** Given information **
Content starts
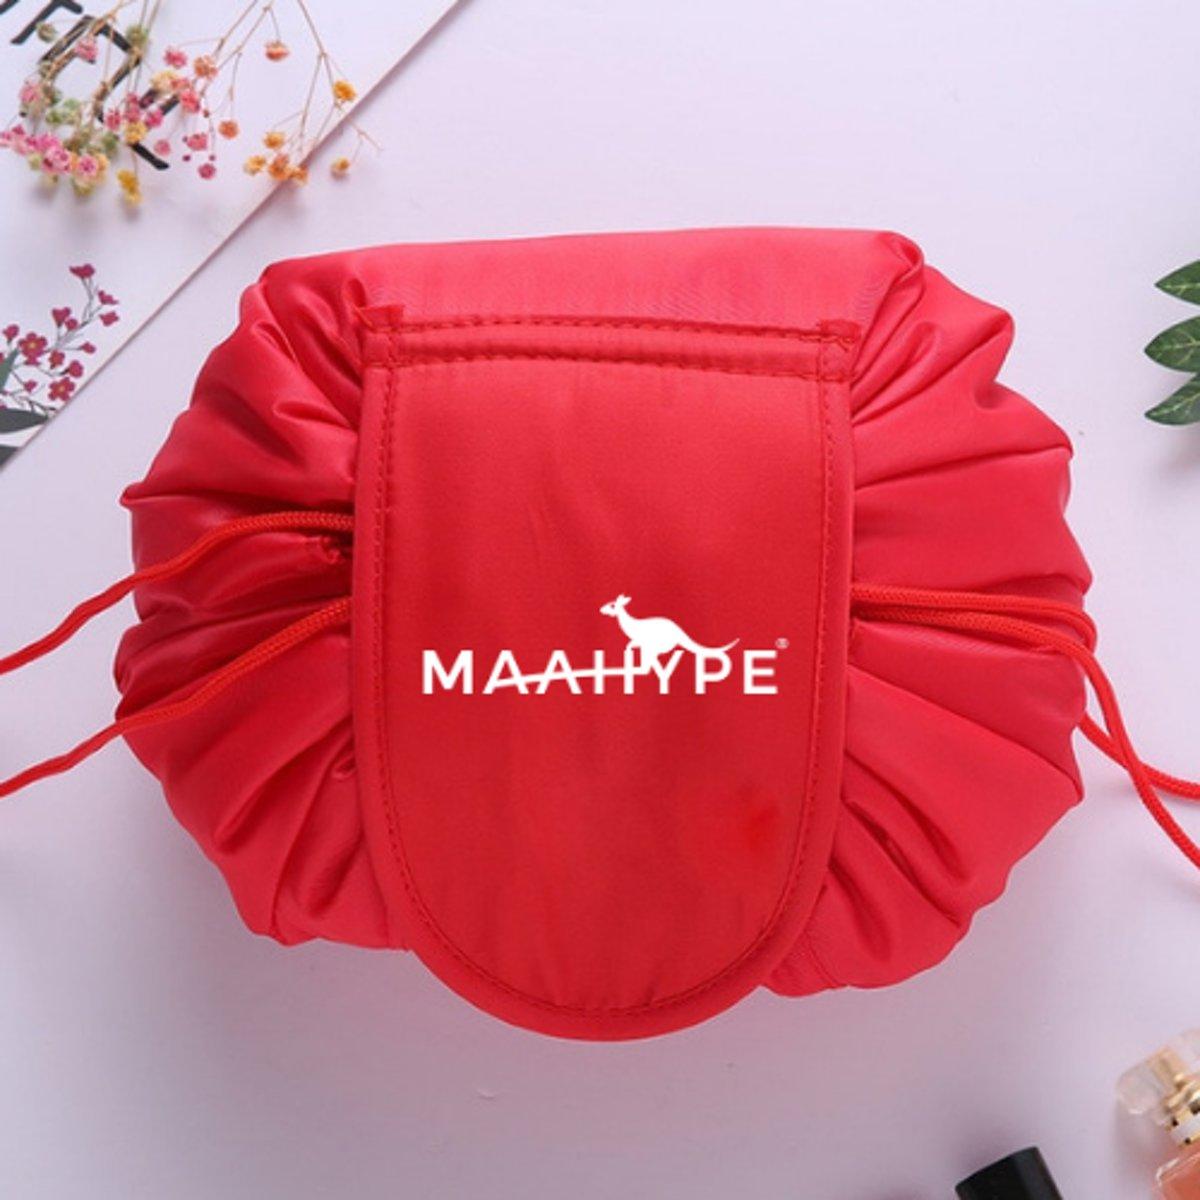 MaaHype Make-up organiser - Makeup opbergen - Accesoires organiser - Opbergsysteem - Reis toilettas - rood kopen
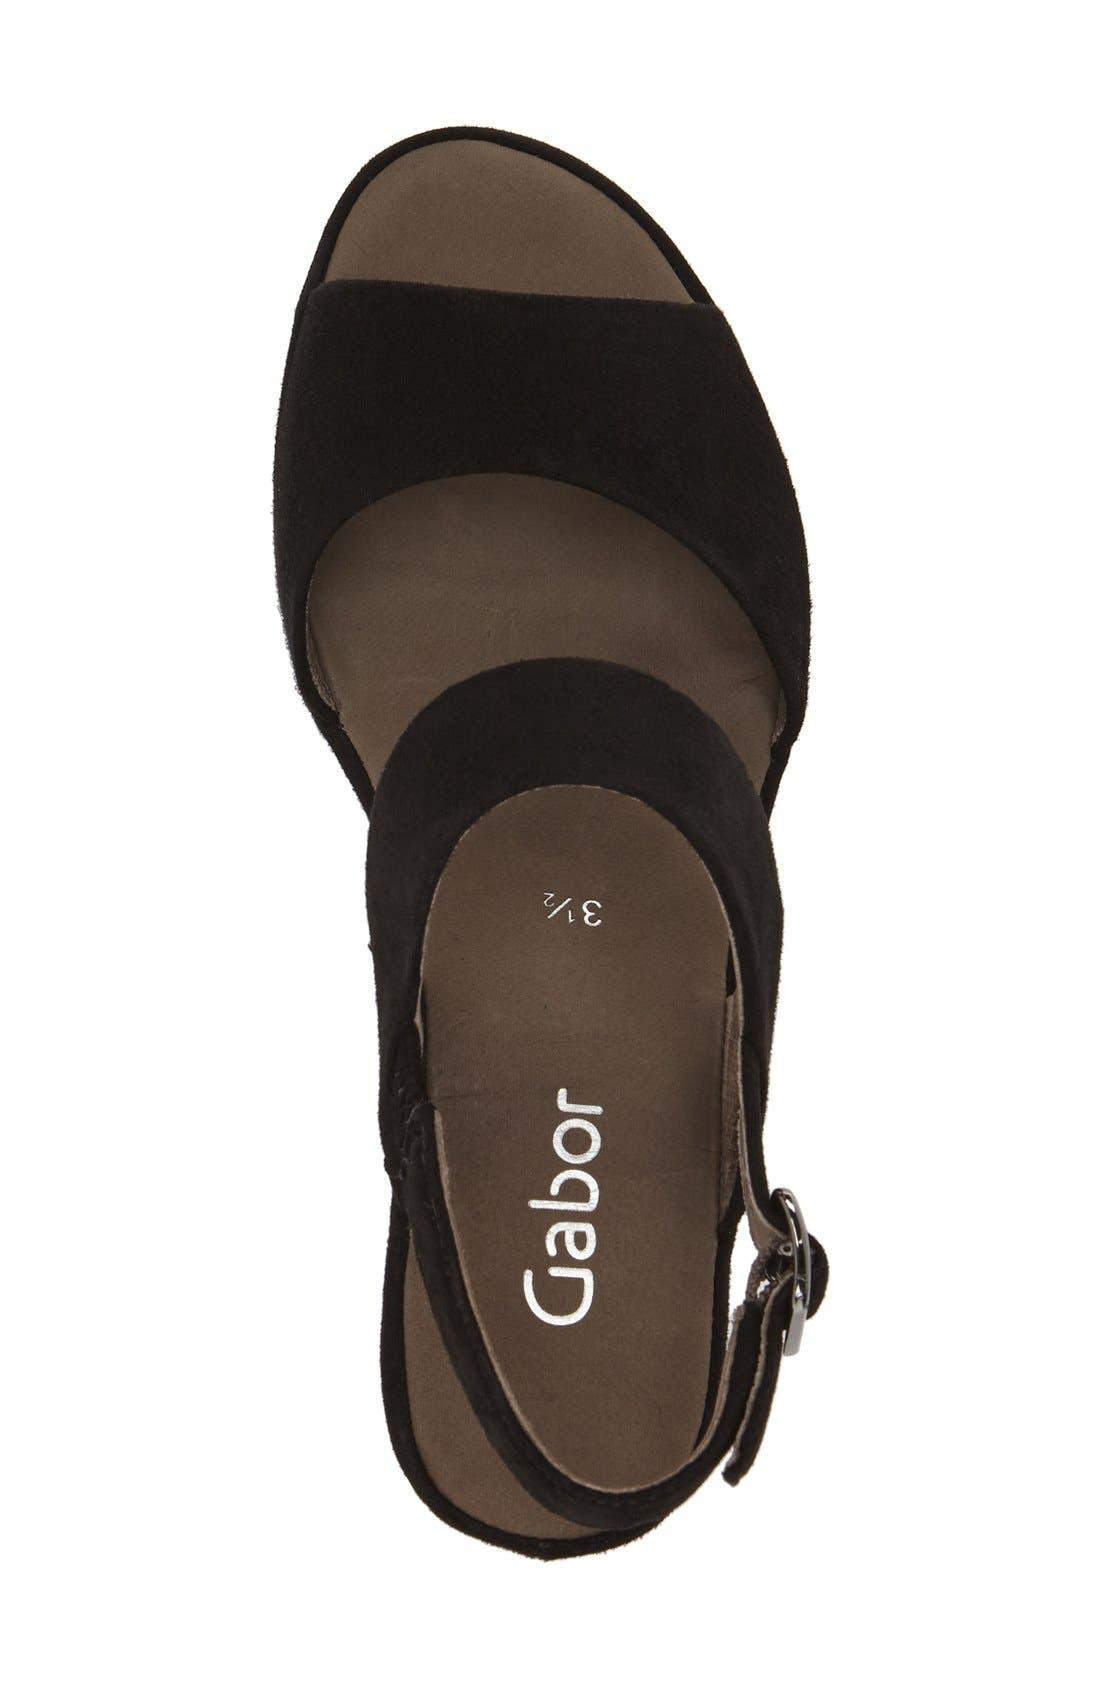 Two-Strap Sandal,                             Alternate thumbnail 5, color,
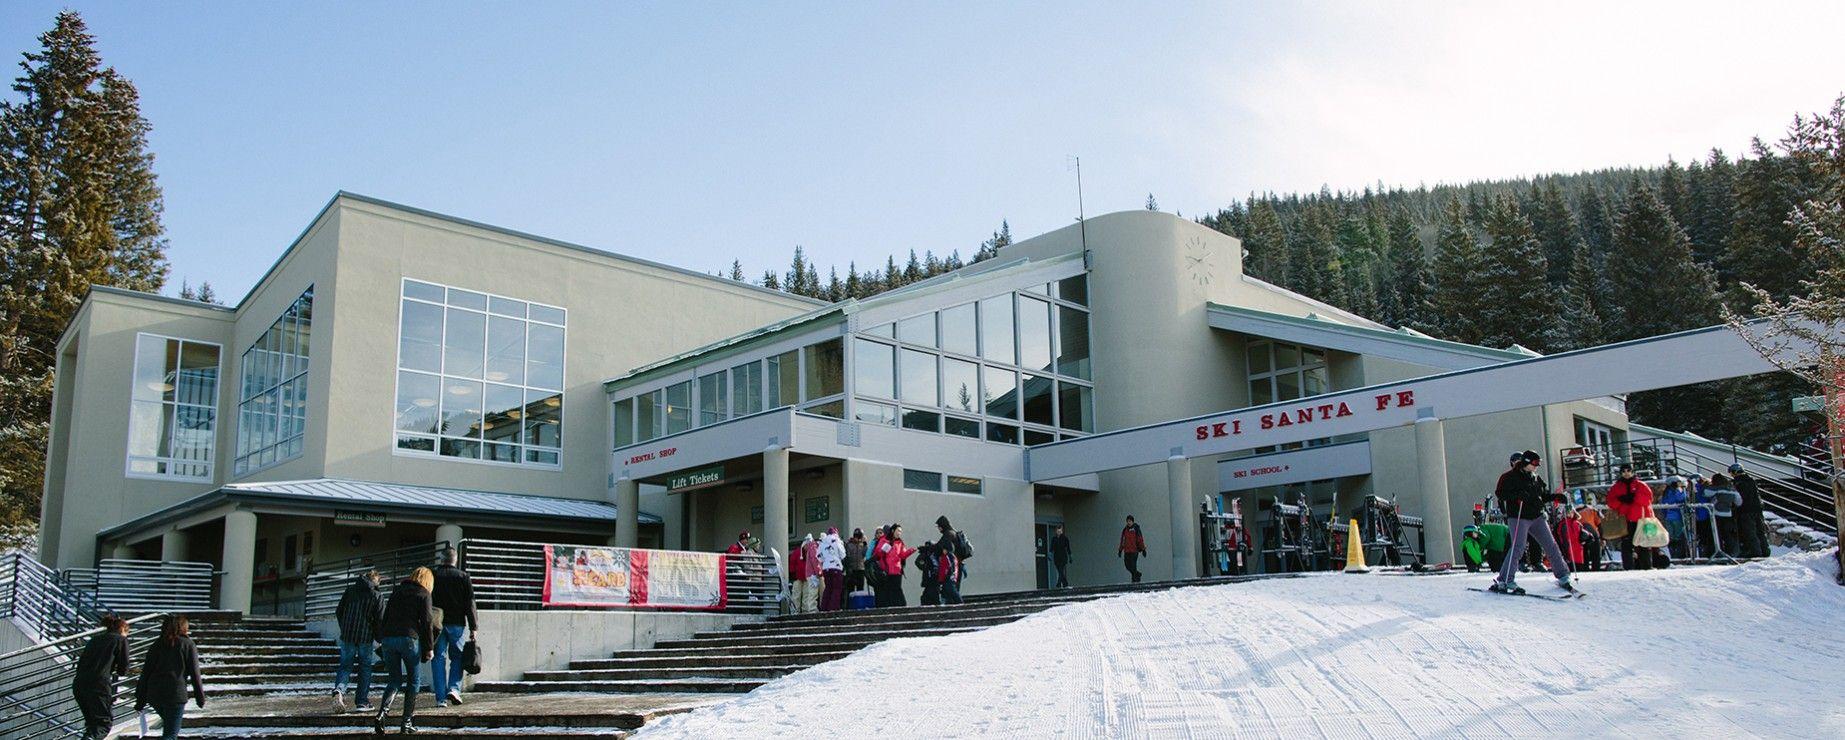 lift tickets | santa fe ski basin | skiing, ski rental, santa fe
Content ends
Only the text of the listing above is copied, exactly as written; its pictures are dropped.

 MaaHype Make-up organiser - Makeup opbergen - Accesoires organiser - Opbergsysteem - Reis toilettas - rood kopen
 Two-Strap Sandal,                             Alternate thumbnail 5, color,
 lift tickets | santa fe ski basin | skiing, ski rental, santa fe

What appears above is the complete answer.